Fortunately, the whole NFL thing worked out and the six-time Pro Bowler has set himself up for financial stability with pretty heavy contracts. Kelce is considered one of the best to ever play his position and was named to the NFL’s 2010 All-Decade Team after winning Super Bowl LIV. Through 111 games, he has recorded 612 catches for 7,881 yards and 48 touchdowns and boasts a net worth of approximately $20 million. That wasn’t always the case.
In spite of his significant first-year contract, Kelce was struggling to pay rent by the end of his rookie season. His spending was lavish and much of his money went to a Rolex and shoes.
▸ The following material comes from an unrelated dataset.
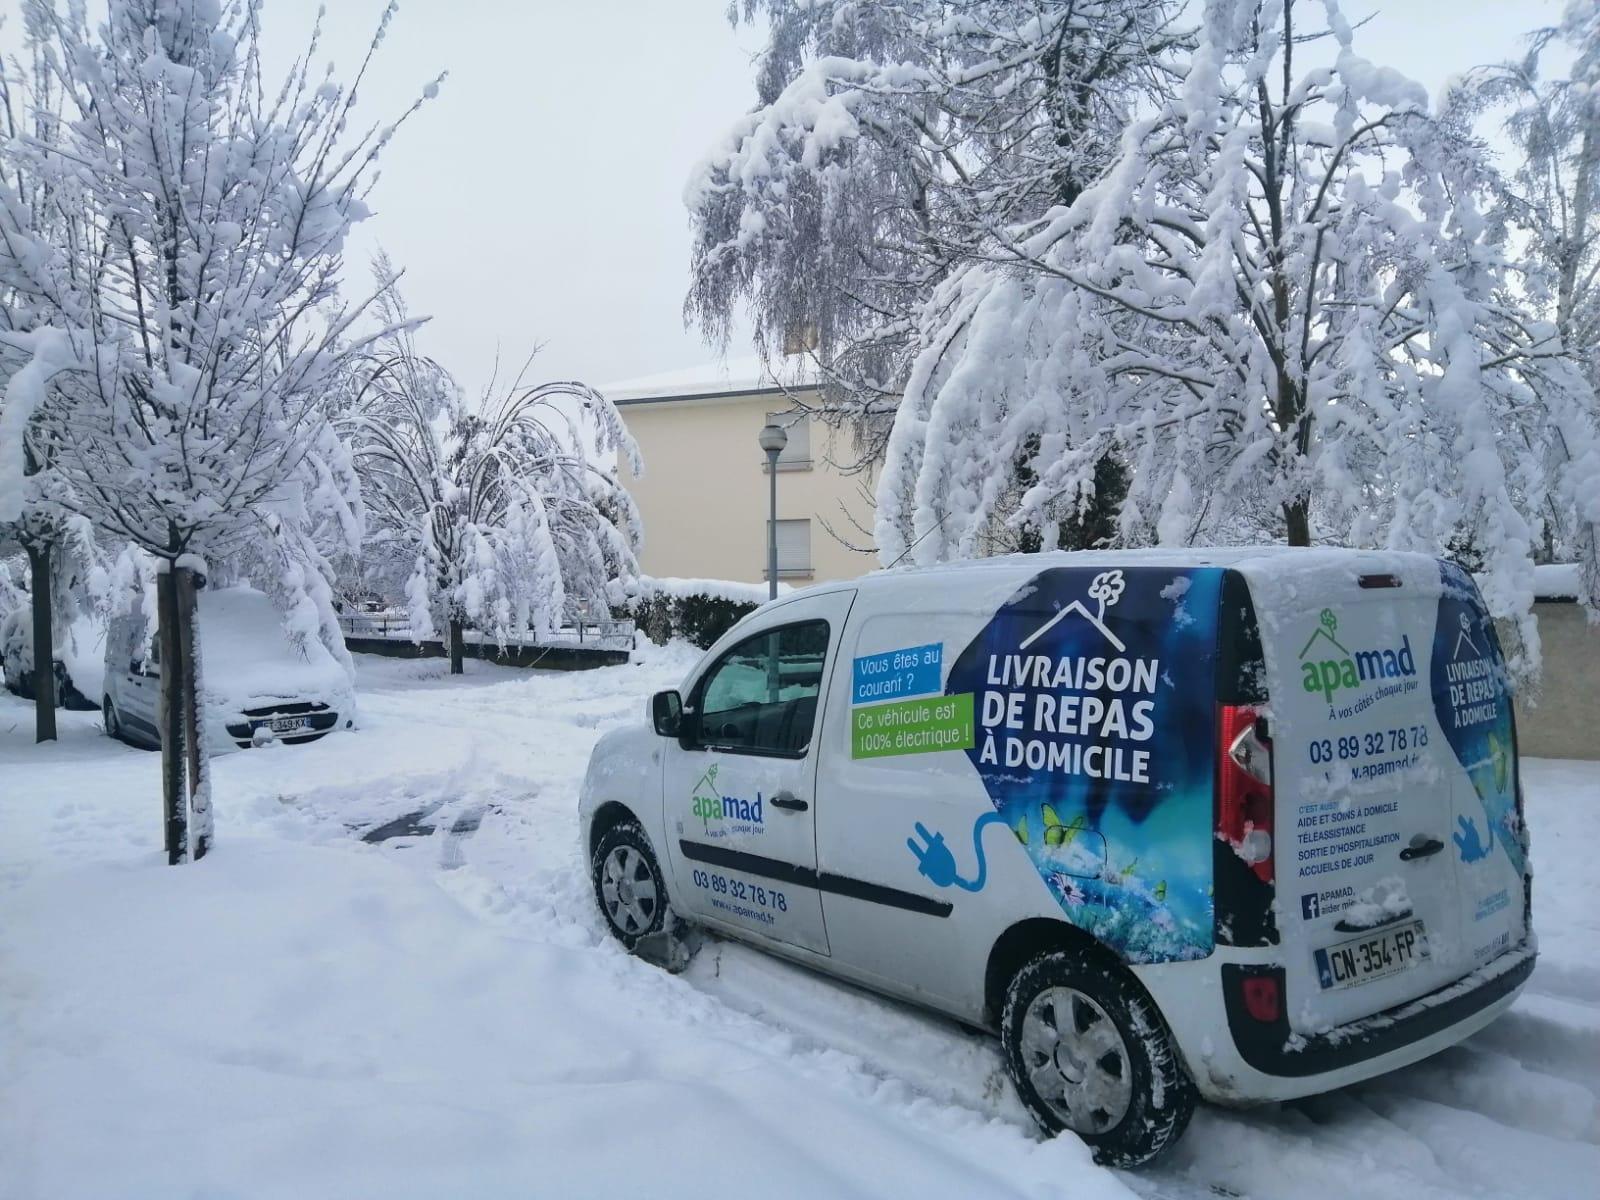 La neige n'arrête pas la livraison de repas, ni des sourires à domicile !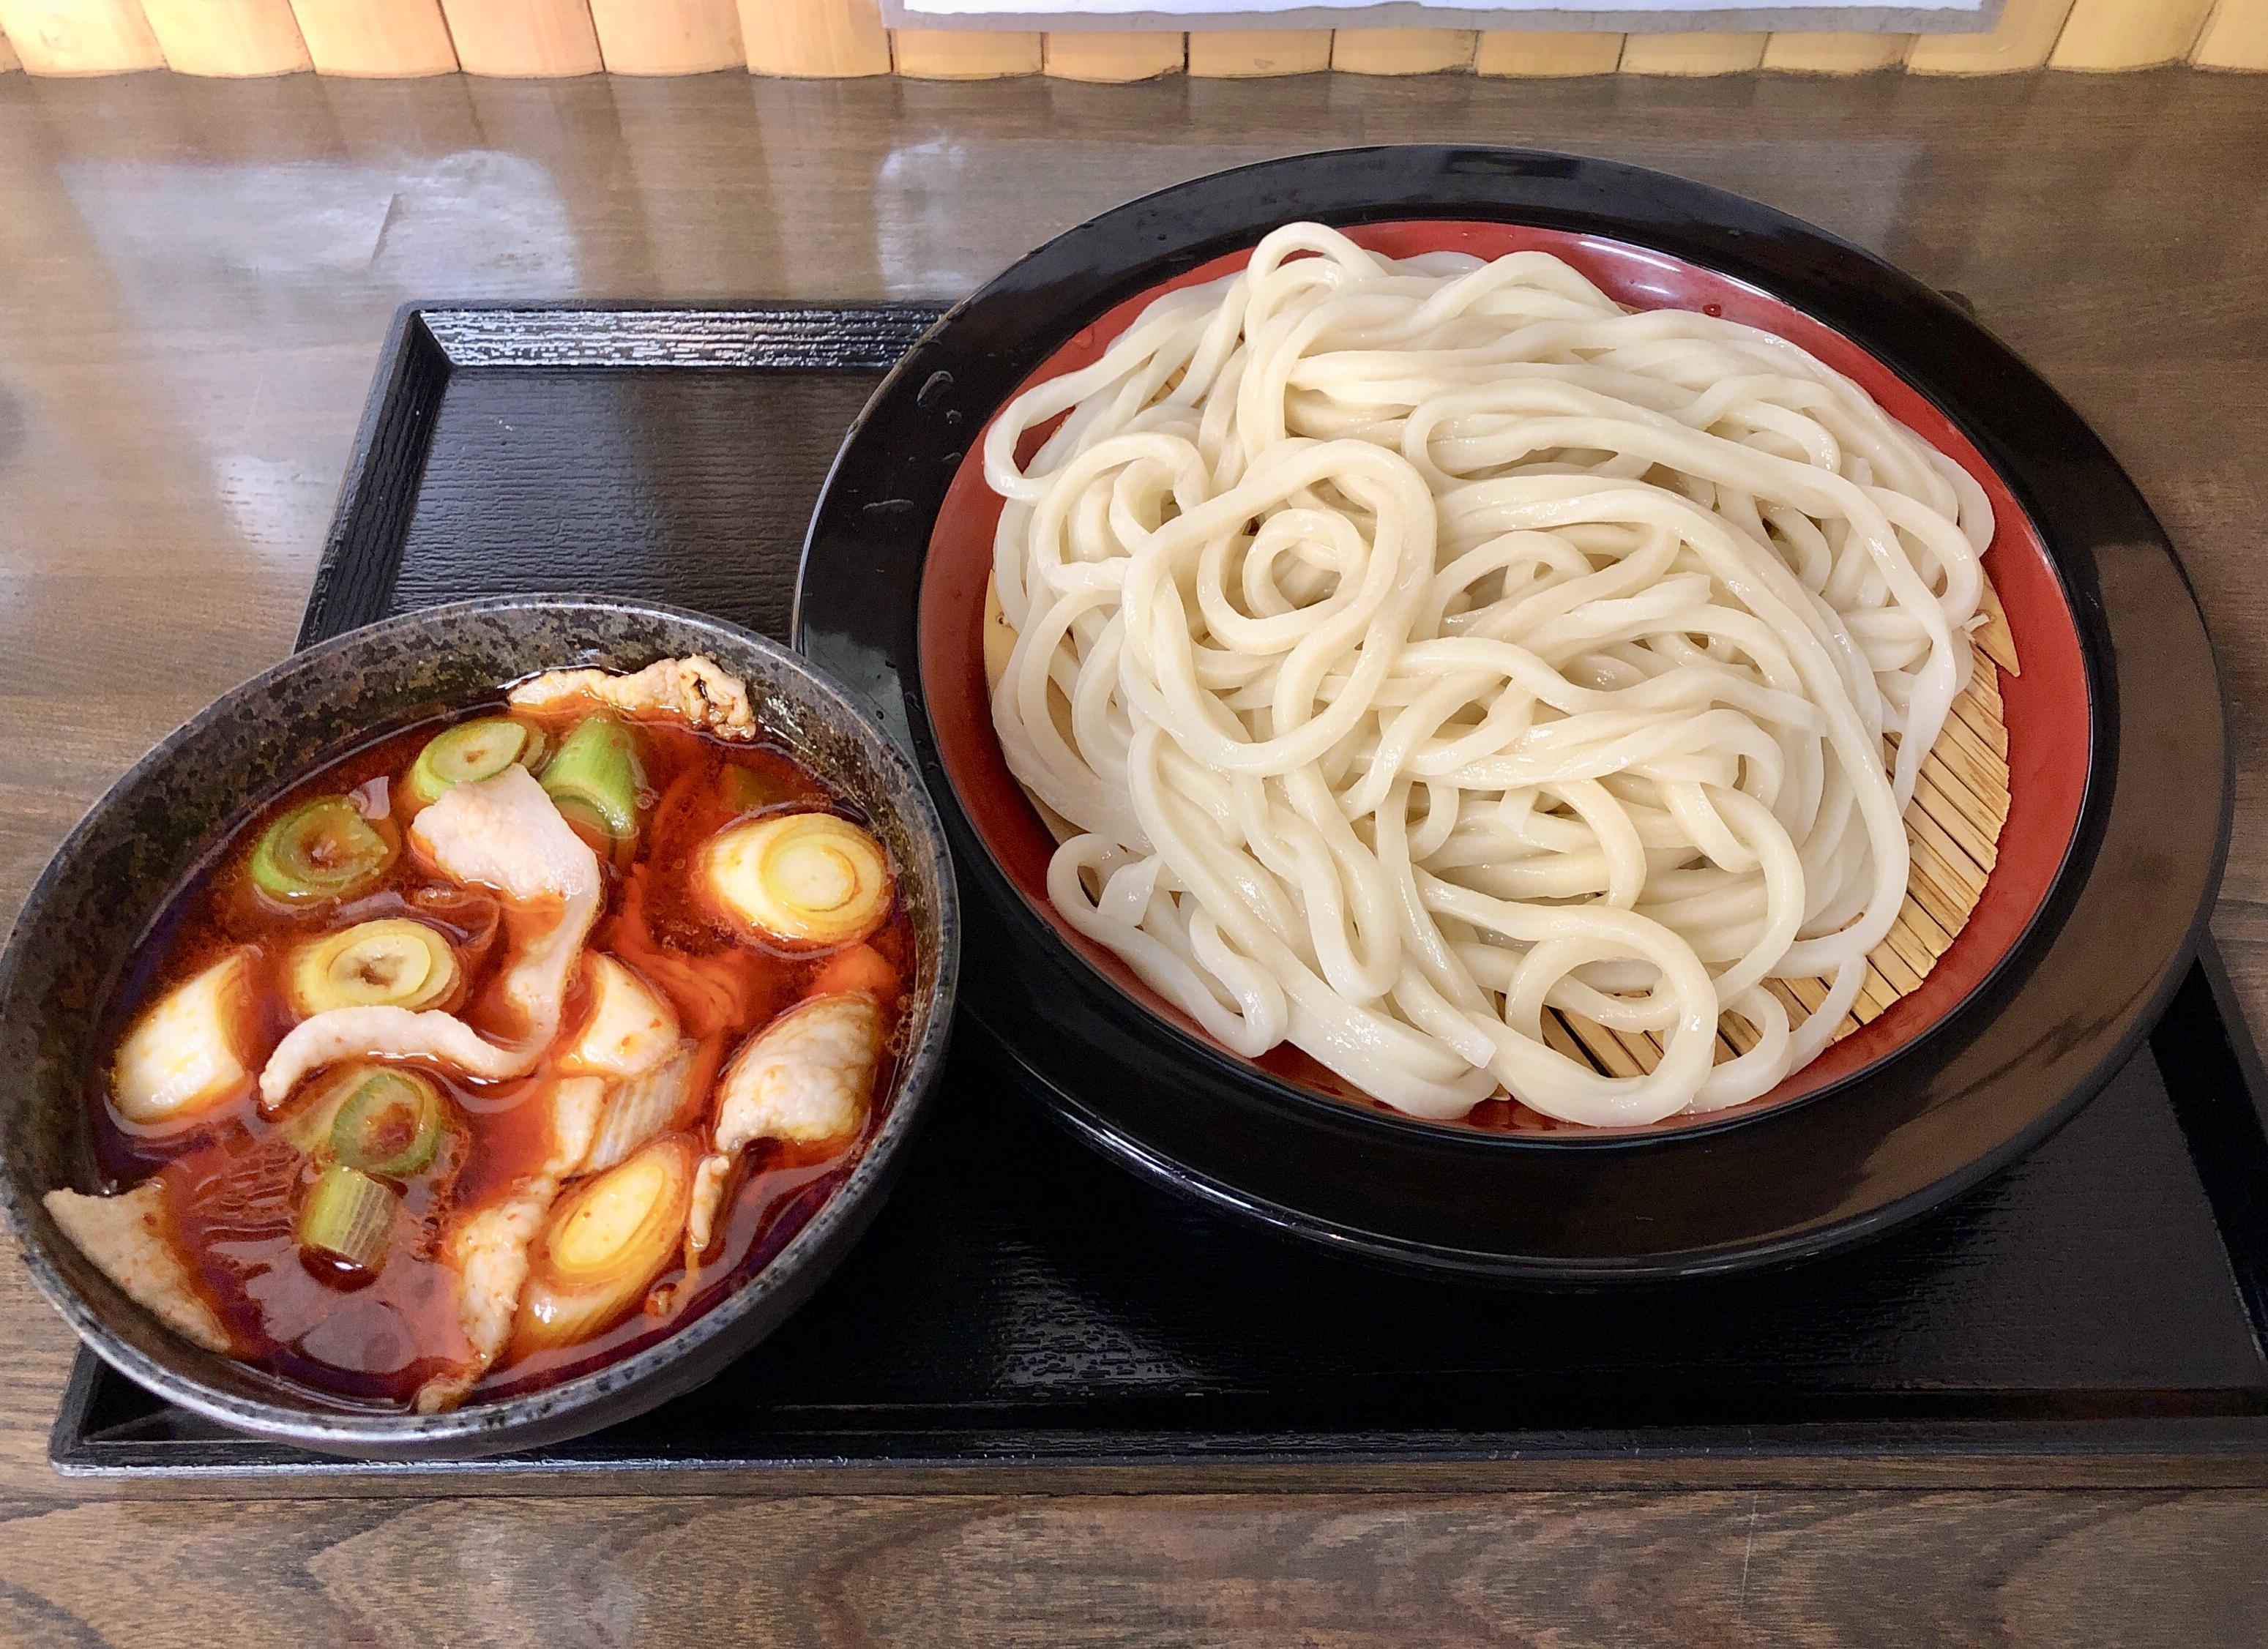 大宮市場・藤原|ランチ時に旨辛肉汁うどんを食べてみた。辛さは調節OK!

“I’m a big sneaker fan,” he told Sharpe. “And the Marty McFlys — the ‘Back to the Future’ — the Nike Air Mags were the first purchase of kicks that I got. I knew I wanted ’em ever since I saw ’em self tie themselves on McFly’s feet!”
Online sale of the Nikes he purchased ranged between $2,300 and $9,959 when originally released but can be found running up to $65,000 in resale value.
In addition to his sneaker purchases, Kelce went to a local Kansas City jewelry store and got himself a Rollie. The standard entry price of a Rolex runs about $5,000, but surely his was well above entry-level. While his outfits were always on-point, Kelce’s apartment was nearly unaffordable and barren.
“I was walking into this empty apartment with Marty McFlys on and a rolex,” he said. “I felt like I was the coolest guy in the world.”
Most recently, Kelce signed a 4-year, $57.25 million contract, so he will be fine. But if he had to do it again, he told Sharpe that he would have managed his money better.
“All the young guys in the league, all the guys that have the opportunity to get that big first check from the NFL — save it,” he advised. “Find a financial advisor that you trust, that’s gonna do right with your money because I was searching around for car deals after my first year trying to just pay rent!”